Die beiden Unternehmen weisen eindeutig Ähnlichkeiten auf. MC Donalds (NYSE: MCD)ist ein Fast-Food-Riese, während Coca Cola (NYSE: KO)ist ein Getränke-Kraftpaket. Aber beide Outfits richten sich kontinuierlich an die Einzelhandelskonsumenten, um sie zu Stammkunden zu machen. McDonald's-Restaurants bieten ihren Gästen sogar Coca-Cola-Produkte an.
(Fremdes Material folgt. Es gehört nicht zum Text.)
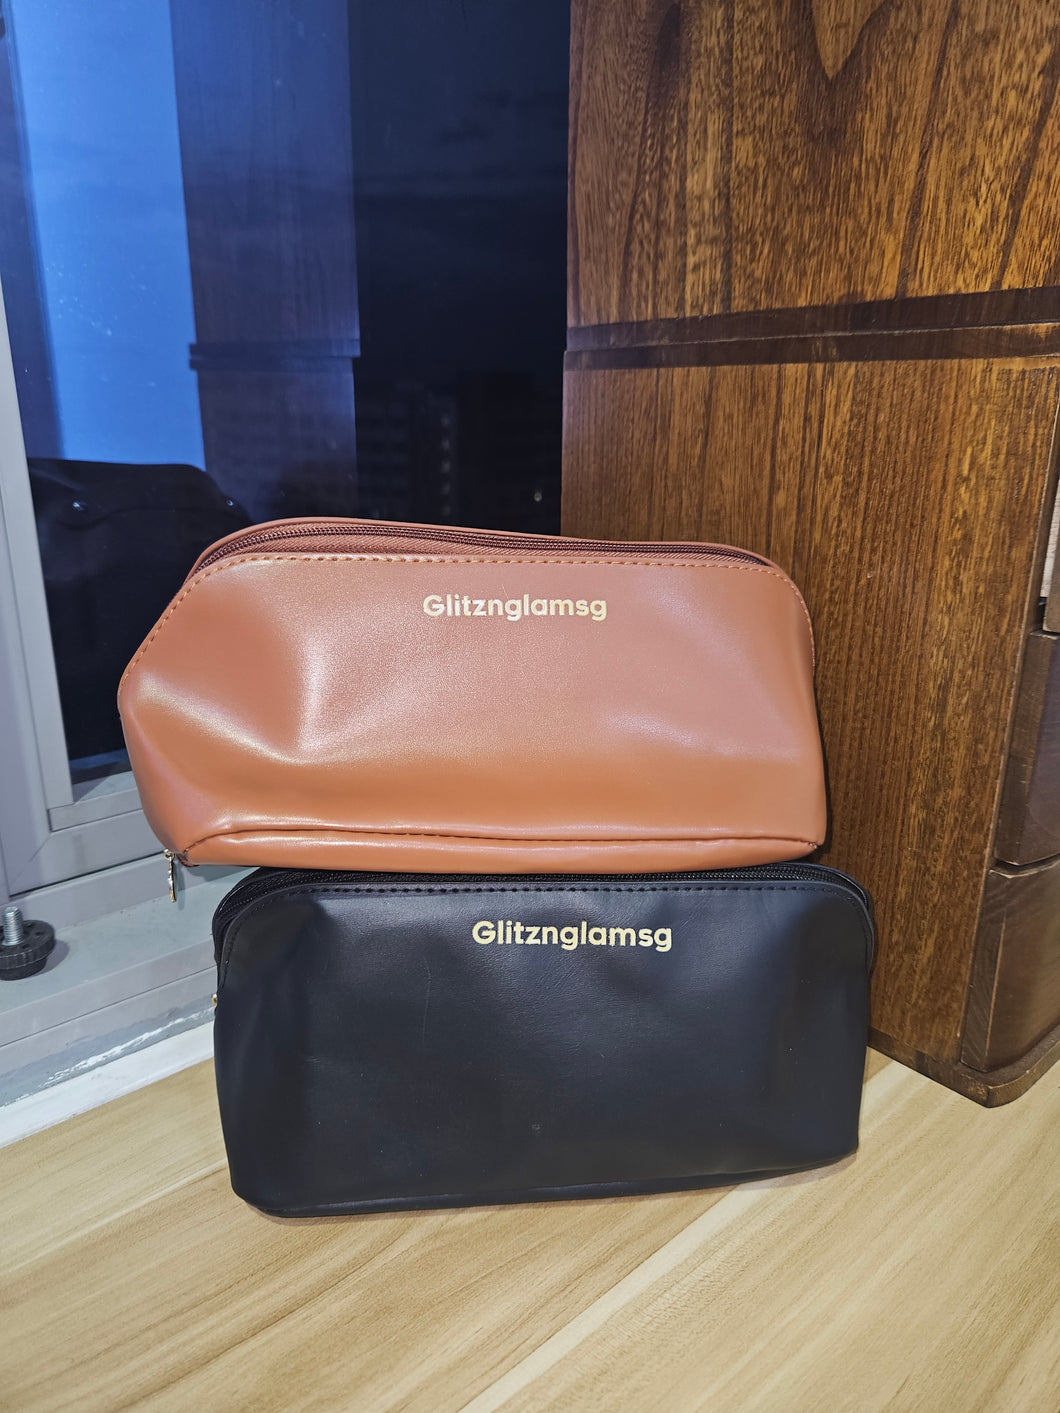 Glitznglamsg travel pouch/case

Aber die Ähnlichkeiten dieser beiden Organisationen gehen weit über das hinaus, was man an der Oberfläche sehen kann. Weder Coca-Cola noch McDonald's sind stark an den Geschäften beteiligt, in denen sie anscheinend tätig sind. Vielmehr sind beide Unternehmen große Franchisegeber, die das Recht zum Verkauf ihrer Produkte an Dritte lizenzieren, die ihrerseits Lizenzgebühren an die Muttergesellschaft zahlen. Tatsächlich haben sowohl Coca-Cola als auch McDonald's die letzten Jahre damit verbracht, Abfüll- und Restaurantmanagement-Betriebe (bzw.) an Abfüller und Restaurant-Franchisenehmer zurückzuverkaufen. Wie sich herausstellt, lässt sich mit der Lizenzierung populärer Markennamen mehr Gewinn erzielen als mit dem direkten Kontakt mit der Öffentlichkeit.

Ein Daumen hoch und ein Daumen runter.

Bildquelle: Getty Images.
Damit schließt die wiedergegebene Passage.